GLM-5 Leads Open-Source in Coding, Reasoning, Agents
GLM-5 scales to 744B params (40B active) and 28.5T tokens, tops open-source benchmarks like SWE-bench (77.8%) and Vending Bench 2 ($4,432 balance), enabling complex engineering and long-horizon agents while cutting deployment costs via DSA.
Scale Pre-Training and RL for Superior Competence
GLM-5 advances from GLM-4.5's 355B params (32B active) and 23T tokens to 744B params (40B active) with 28.5T pre-training tokens, using DeepSeek Sparse Attention (DSA) to maintain long-context capacity at lower deployment costs. Post-training leverages slime, an asynchronous RL infrastructure (github.com/THUDM/slime), to boost throughput for fine-grained iterations, bridging pre-trained competence to excellence without RL's typical inefficiency.

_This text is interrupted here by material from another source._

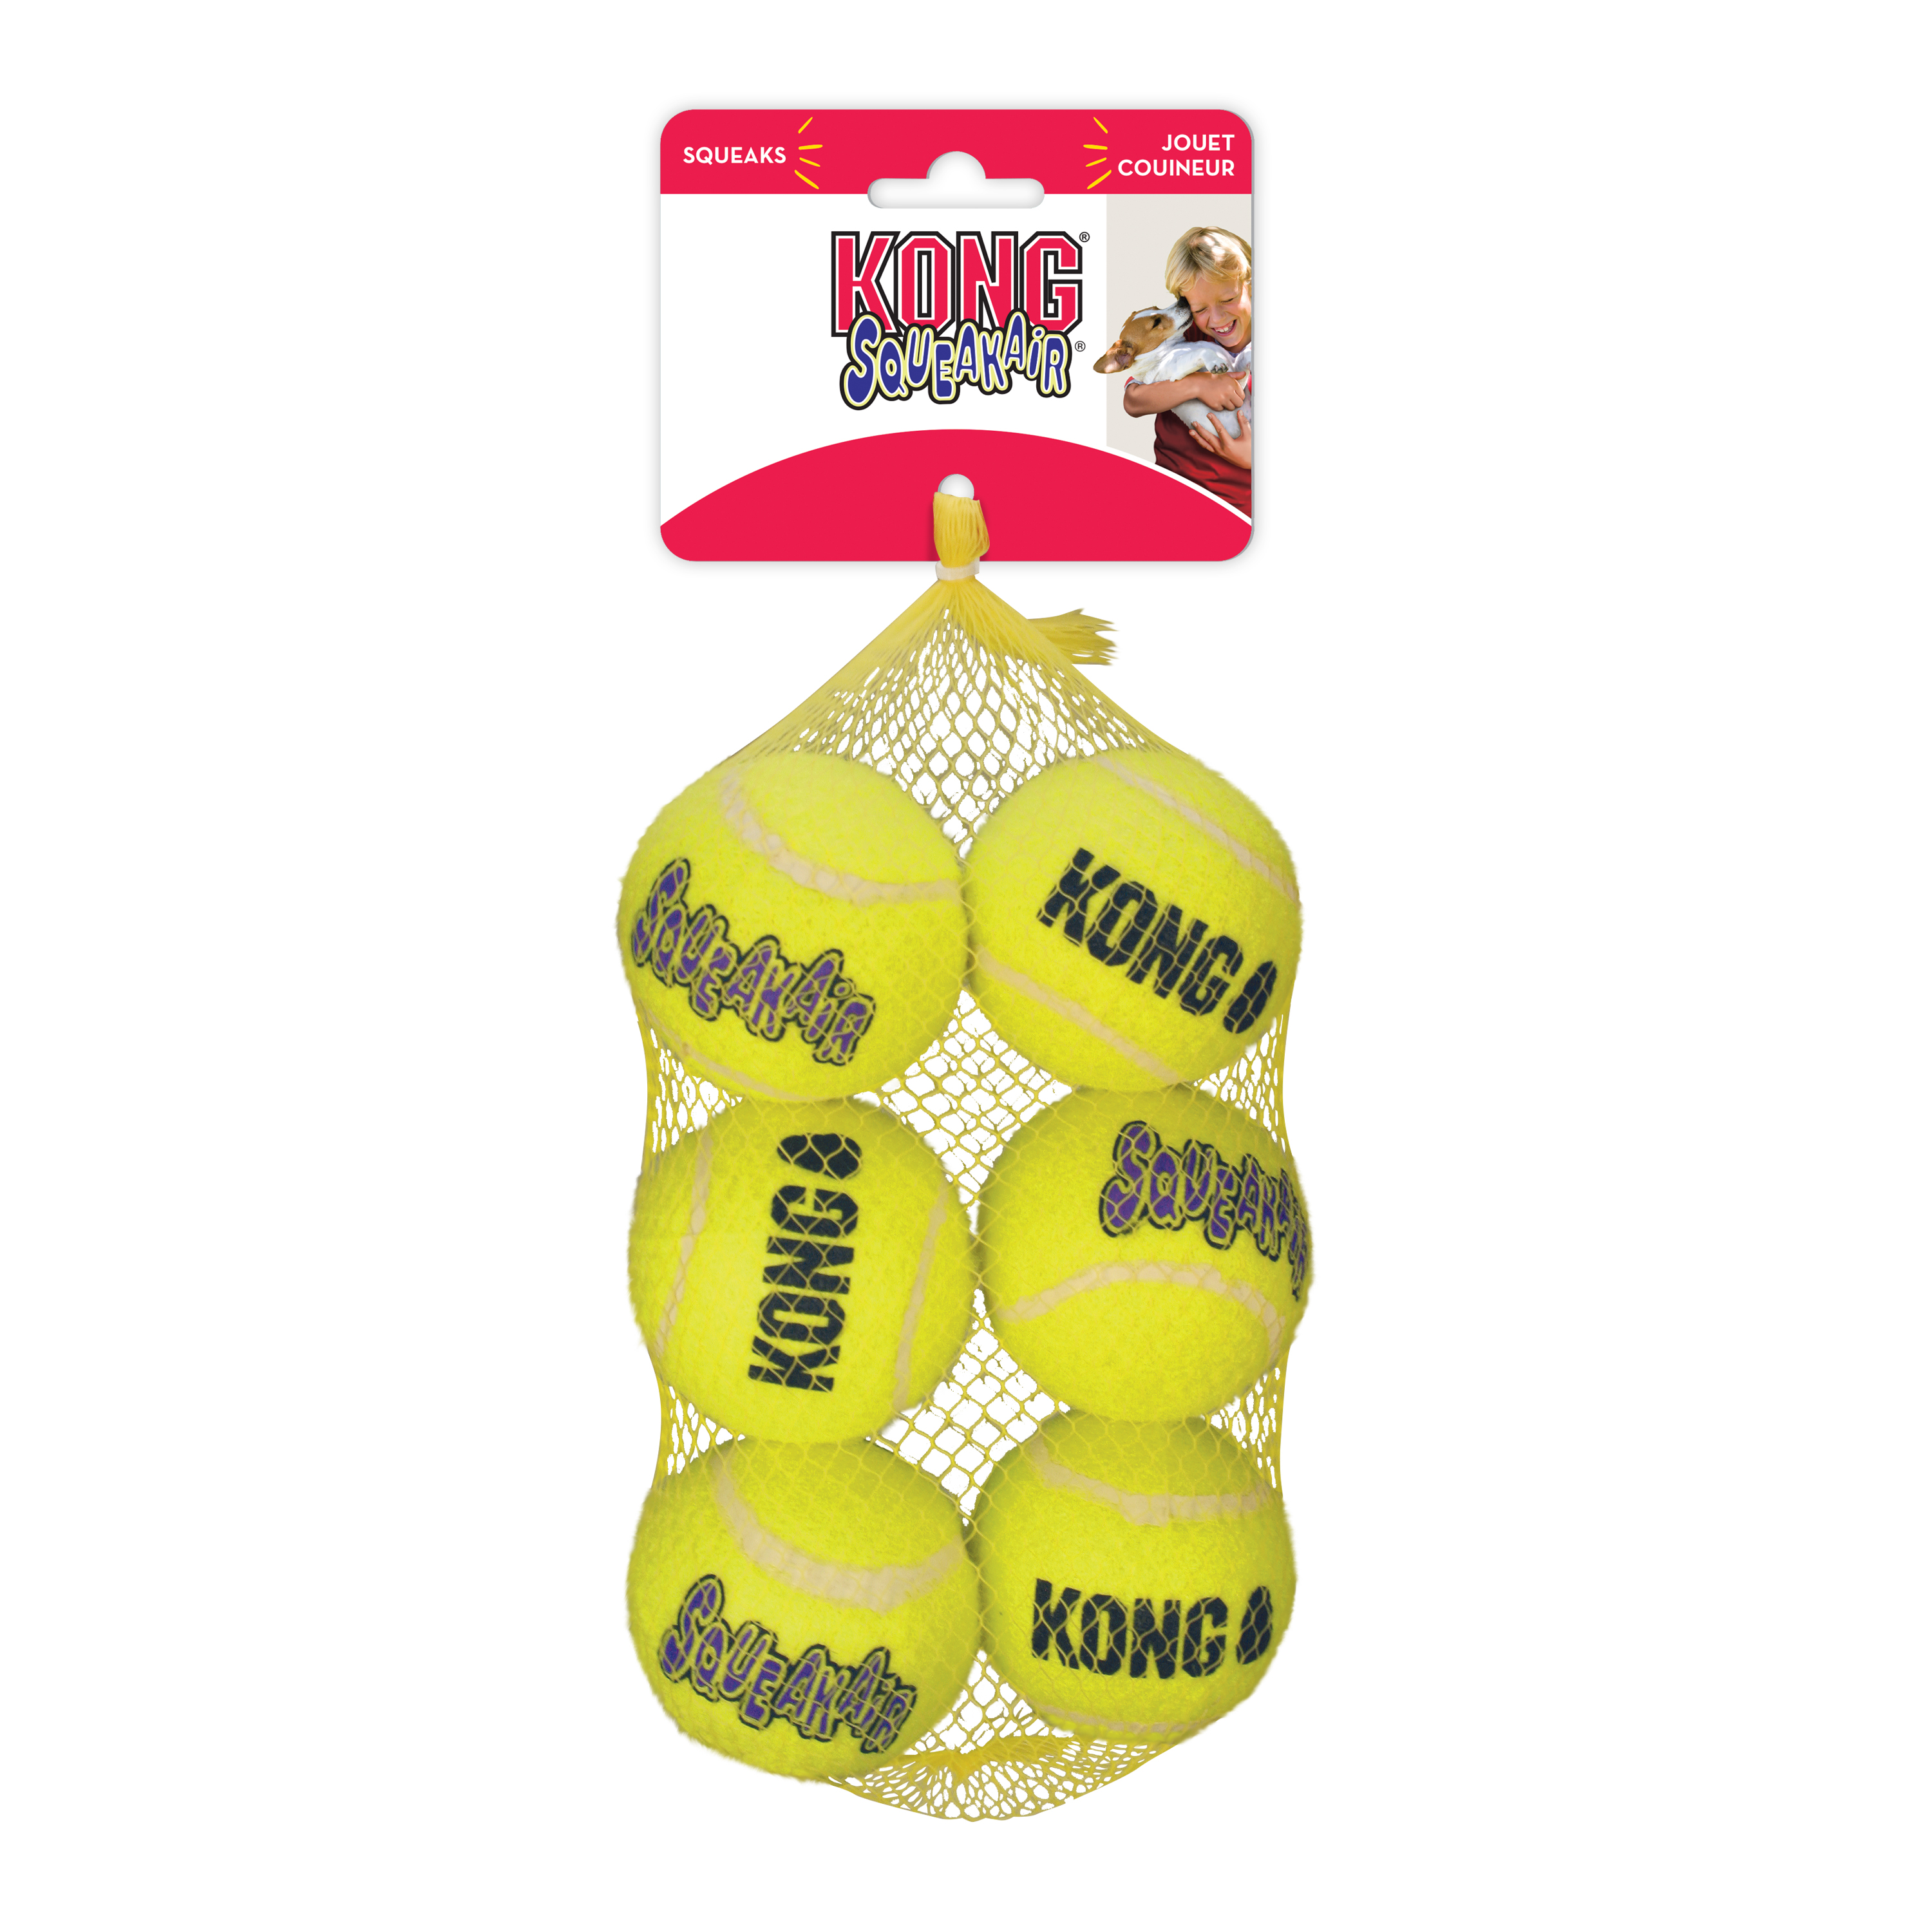 Mathis Verscherpen Buiten adem Kong squeakair balls 6-pack geel M- 6,4x6,4x6,4cm - Allesvooruwhuisdier

This yields best-in-class open-source results: Humanity's Last Exam (30.5, 50.4 w/tools), AIME 2026 I (92.7%), HMMT Nov 2025 (96.9%), GPQA-Diamond (86.0%). Coding excels on SWE-bench Verified (77.8%), Multilingual (73.3%), Terminal-Bench 2.0 (56.2/60.7 verified), CyberGym (43.2%). Agent benchmarks include BrowseComp (62.0/75.9 w/context mgmt), τ²-Bench (89.7%), MCP-Atlas (67.8%), Tool-Decathlon (39.2), nearing Claude Opus 4.5 and Gemini 3.0 Pro.
On CC-Bench-V2 internal suite, GLM-5 outperforms GLM-4.7 in frontend, backend, long-horizon tasks, closing gap to Claude Opus 4.5. Vending Bench 2 simulates year-long vending machine ops; GLM-5 ends with $4,432 balance (#1 open-source, near Claude's $4,967).
Agentic Engineering for Real Deliverables
GLM-5 shifts from 'vibe coding' to agentic systems engineering, handling complex, multi-turn tasks like generating production-ready .docx/.pdf/.xlsx files (PRDs, spreadsheets, reports) from prompts. Example: Student council football sponsorship proposal includes structured sections (intro, event details, fund use, tiers, benefits), visual elements (image placeholders, tables), color palette (navy/gold), ensuring print-ready output without edits.
Z.ai's Agent mode supports PDF/Word/Excel creation, multi-turn collaboration for deliverables. Outperforms priors on long-horizon planning/resource mgmt, as in Vending Bench 2's operational simulation.
Deploy Anywhere, Integrate Seamlessly
Open-source (MIT) on HuggingFace (zai-org/GLM-5), ModelScope, GitHub (zai-org/GLM-5). API via api.z.ai, BigModel.cn, Z.ai chat/agent modes. Local inference: vLLM/SGLang; non-NVIDIA chips (Ascend, Moore Threads) via quantization.
Coding agents: Claude Code/OpenClaw (update to 'GLM-5', higher quota use), OpenCode/Kilo/Roo/Cline/Droid. Z Code IDE for multi-agent collab. Gradual rollout to GLM Coding Plan subs; free trial on Z.ai.